Rational use of glybenclamide products in the treatment of patients with type 2 diabetes remains a high-priority task. The paper offers a summary of the main groups of glibenclamide drugs and describes pharmacogenetics of glybenclamide. Glibenclamide is metabolized by the enzyme cytochrome P450 2C9 (CYP2C9). Individuals with genetically determined low CYP2C9 activity are at an increased risk of hypoglycaemia. Carriers of CYP2C9*3 and CYP2C9*2 alleles tend to have higher concentrations of glybenclamide in blood and increased insulin secretion. Pharmacogenetic testing of patients and drug concentration monitoring using HPLC-MS can help reduce the risk of hypoglycemia during glibenclamide treatment. Based on literature review the authors selected the method characterised by a simple sample preparation procedure, short analysis time, and a wide analytical range for the substances being determined. This method can be useful both for bioequivalence studies and evaluation of glibenclamide products interchangeability. Glibenclamide pharmacokinetics is characterised by high interindividual variability. This may lead to both an increased risk of hypoglycemia and drug inefficacy, therefore, when prescribing glibenclamide, a physician should carefully control the efficacy and safety of drug therapy.
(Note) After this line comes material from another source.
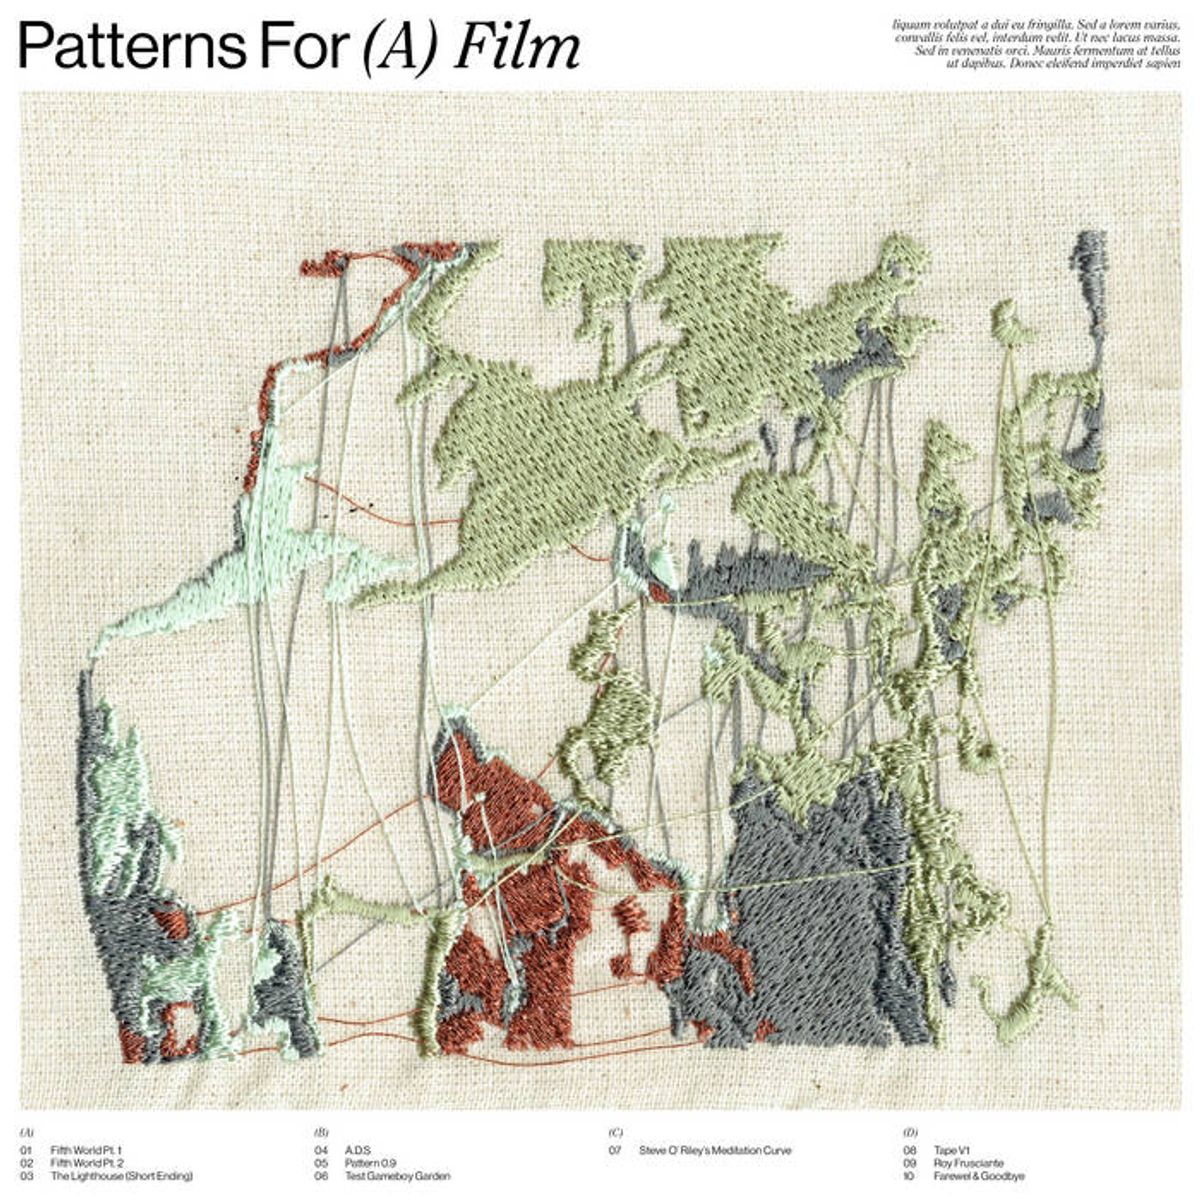 Patterns For (A) Film

格列本脲治疗糖尿病的药物监测、CYP2C9基因分型和表型分析
合理使用格列苯脲产品治疗2型糖尿病仍然是一个高度优先的任务。本文综述了格列本脲类药物的主要分类,并介绍了格列本脲的药物遗传学。格列本脲由细胞色素酶P450 2C9 (CYP2C9)代谢。基因决定CYP2C9活性低的个体低血糖的风险增加。携带CYP2C9*3和CYP2C9*2等位基因的患者血中格列本脲浓度较高,胰岛素分泌增多。采用高效液相色谱-质谱法对患者进行药物遗传学检测和药物浓度监测有助于降低格列本脲治疗期间低血糖的风险。在查阅文献的基础上,作者选择了样品制备程序简单、分析时间短、分析范围广的方法。该方法可用于生物等效性研究和格列本脲产品互换性评价。格列本脲药代动力学的特点是高度个体间变异性。这可能导致低血糖和药物无效的风险增加,因此,在开格列本脲处方时,医生应仔细控制药物治疗的有效性和安全性。
本文章由计算机程序翻译,如有差异,请以英文原文为准。